Mancia was particularly passionate about Italian cinema. In 1988, she received Italy’s highest civilian honor, the Croce del la Repubblica. On the occasion of this award, Renato Pachetti, then-president of RAI Corporation (New York), remarked: “Adrienne Mancia has probably contributed more than any other person to the introduction of Italian cinema in America. Her knowledge of Italian films is extraordinary.” Gian Paolo Cresci, then-president of SACIS (Rome), the worldwide distribution wing of RAI, echoed Pachetti: “Adrienne Mancia’s generosity and energy have made her a special friend to the members of the Italian film community. No one is more deserving of this special honor.”
Mancia was a great admirer of the work of Anna Magnani, who achieved international renown in the 1950s as one of the most acclaimed screen thespians of her day. Heralded for her “volcanic” intensity, earthy sensuality, and an appearance and acting style that traded glamour and artifice for naturalism and authenticity, Magnani proved a compelling antidote to other major female movie stars of the period (e.g., Marilyn Monroe, Sophia Loren) and achieved enormous success both in Italy and in Hollywood. She eventually won the 1956 Best Actress Oscar for her performance in THE ROSE TATTOO opposite Burt Lancaster, and was again nominated for the award for her performance in 1959’s WILD IS THE WIND.
In association with Gene Lerner and the Incontri Internazionali d'Arte (Rome), Adrienne Mancia and Stephen Harvey curated the first major American retrospective of Magnani’s work at MoMA in October and November of 1988, a rare exhibition of the complete film work of an actor. 1947’s L’ONOREVOLE ANGELINA — which is now in the public domain and streams this month in the Adrienne Mancia Streaming Room — was selected as the opening night film. It screened at MoMA on October 28th, 1988 at 6:00pm, and was introduced by Lerner alongside Magnani’s son, Luca. (Scans of the typewritten press release and program note for Mancia and Harvey’s retrospective can be read below).
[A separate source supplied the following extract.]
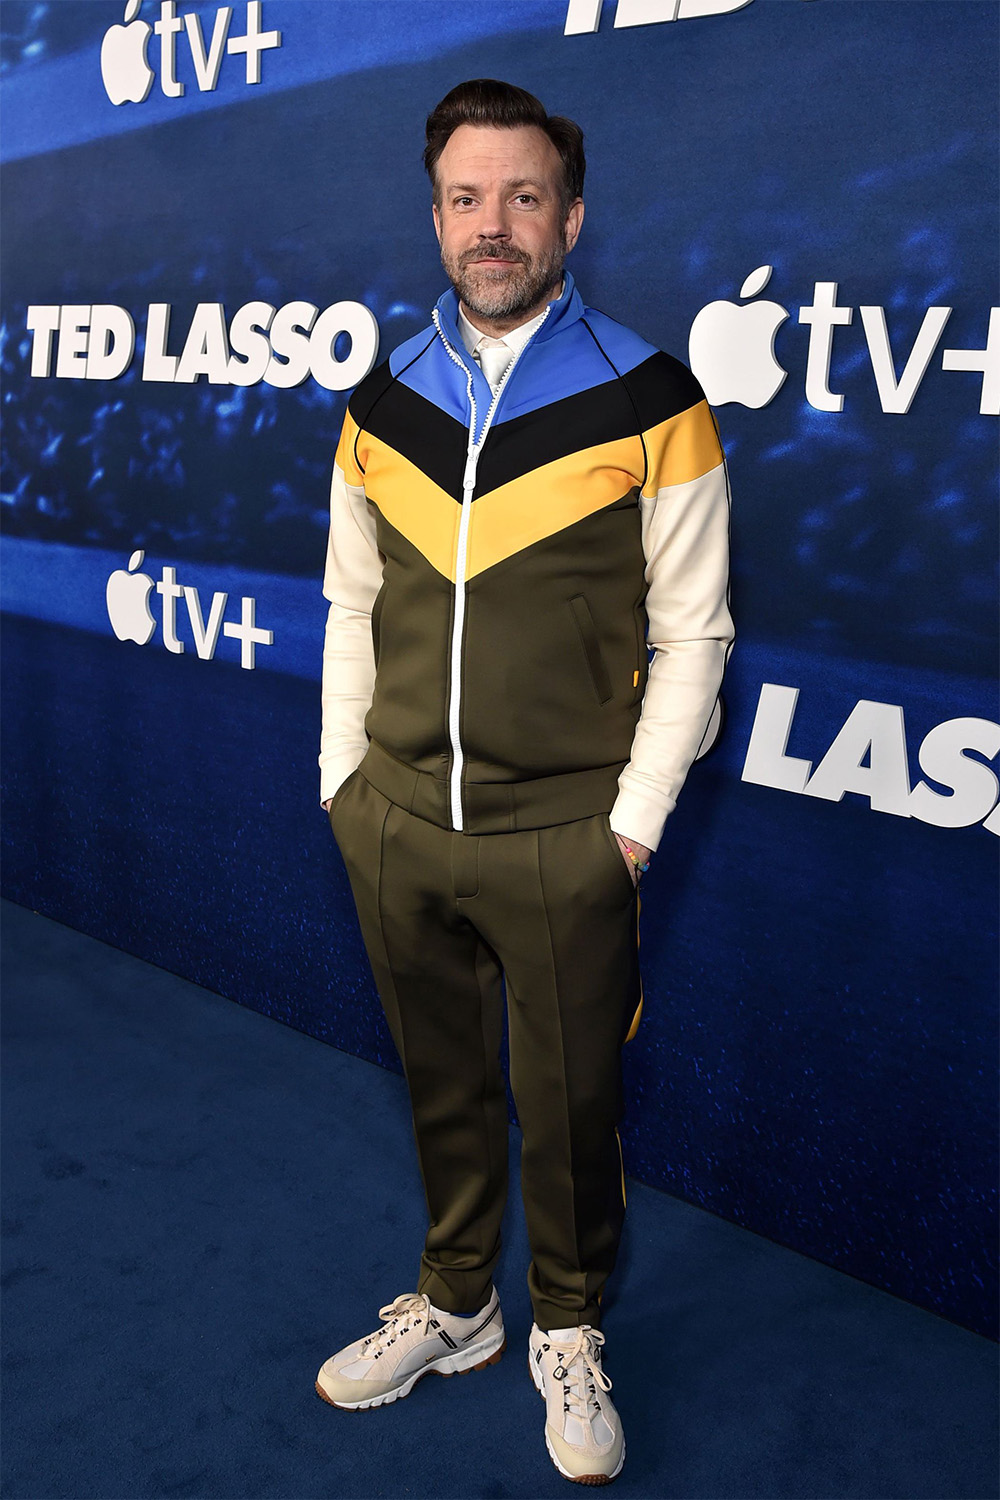 Jason Sudeikis Reveals He Keeps His DMs Open and Reads Everybody's 'Ted Lasso' Messages, Incredibly Moving
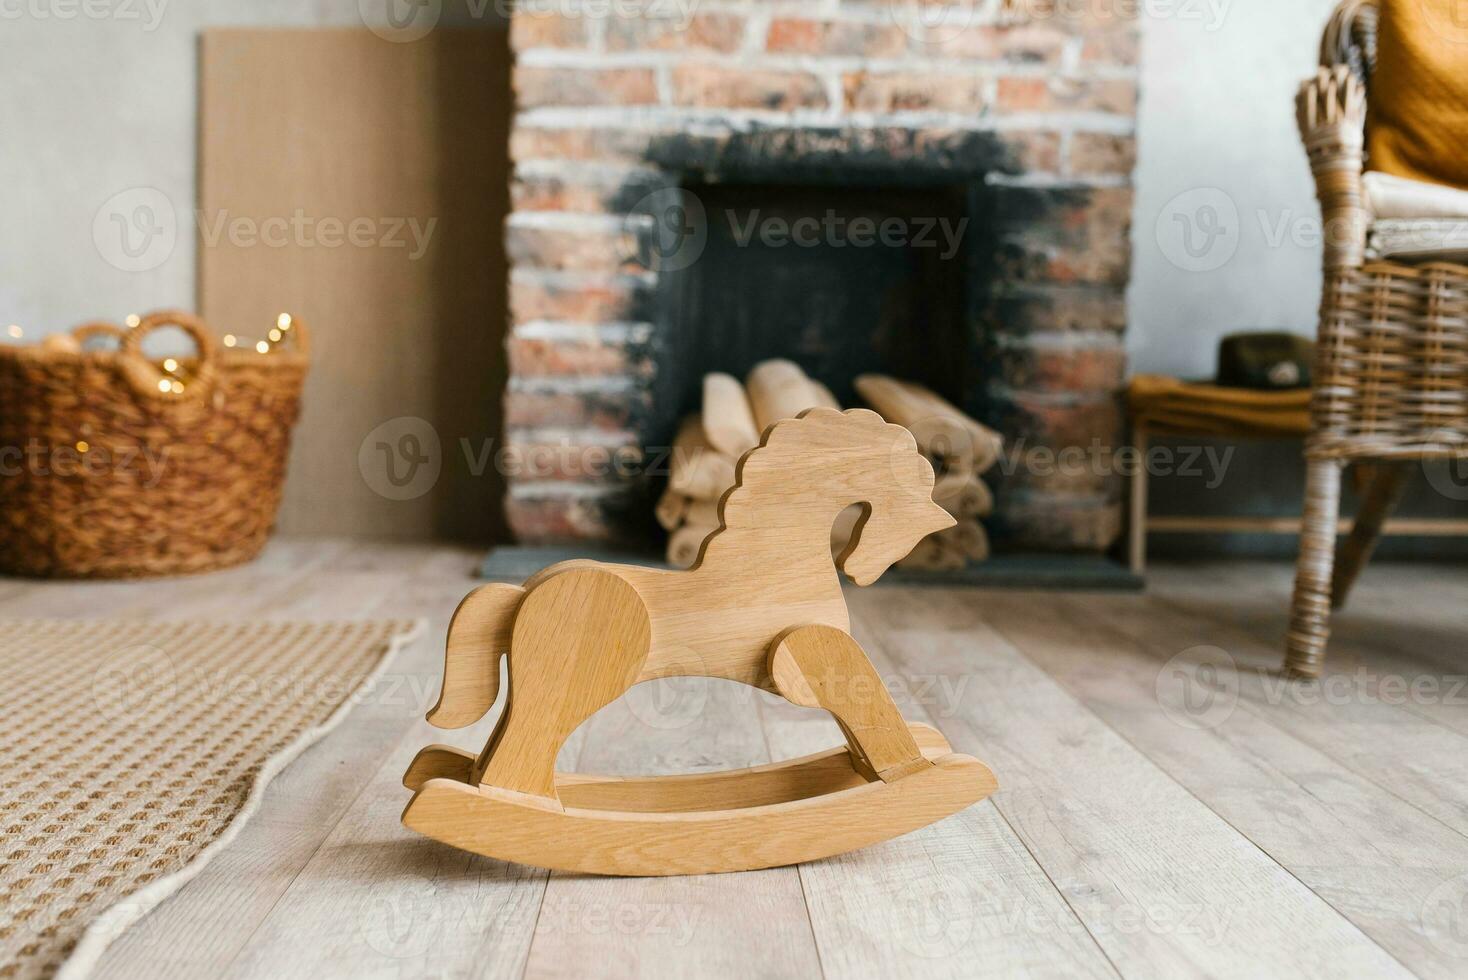 Brick fireplace with firewood, children's wooden toy horse-gurney in the living room in Scandinavian style photo

L’ONOREVOLE ANGELINA was something of an outlier in Magnani’s filmography. An actress best known for her dramatic work, Zampa’s film afforded Magnani an opportunity to act in a comedy. The film follows the titular Angelina Bianchi, an impoverished mother of five who is raising her children in a slum and leads a band of women against a black-market peddler who is withholding their food rations. The MoMA program note for Mancia and Harvey’s retrospective dubs L’ONOREVOLE ANGELINA an “earthy political comedy” that imbues a rebel-rousing sense of humor into an otherwise somber narrative.
Despite the film’s comedic elements, programmers at Film at Lincoln Center nonetheless characterized L’ONOREVOLE ANGELINA as a “proto-feminist, up-with-the-people slice of neorealism” when it screened there in 2016, and remarked that Zampa’s film gave Magnani “a role tailor-made for her brand of fiery magnetism.” As a director, Zampa was known for working across genres — beginning his career in neorealist drama before transitioning to Commedia all'italiana films — and his ability to work in both modalities is evidenced by L’ONOREVOLA ANGELINA’s deft suffusion of humor into a dramatic framework.
As the film’s beating heart, Magnani carries L’ONOREVOLE ANGELINA, and the critics sang their praises. She eventually won the Volpi Cup for Best Actress at the Venice Film Festival. In 2008, L’ONOREVOLE ANGELINA was included on the Italian Ministry of Cultural Heritage's 100 Italian Films to Be Saved: a list of 100 films that “changed the collective memory of the country between 1942 and 1978.”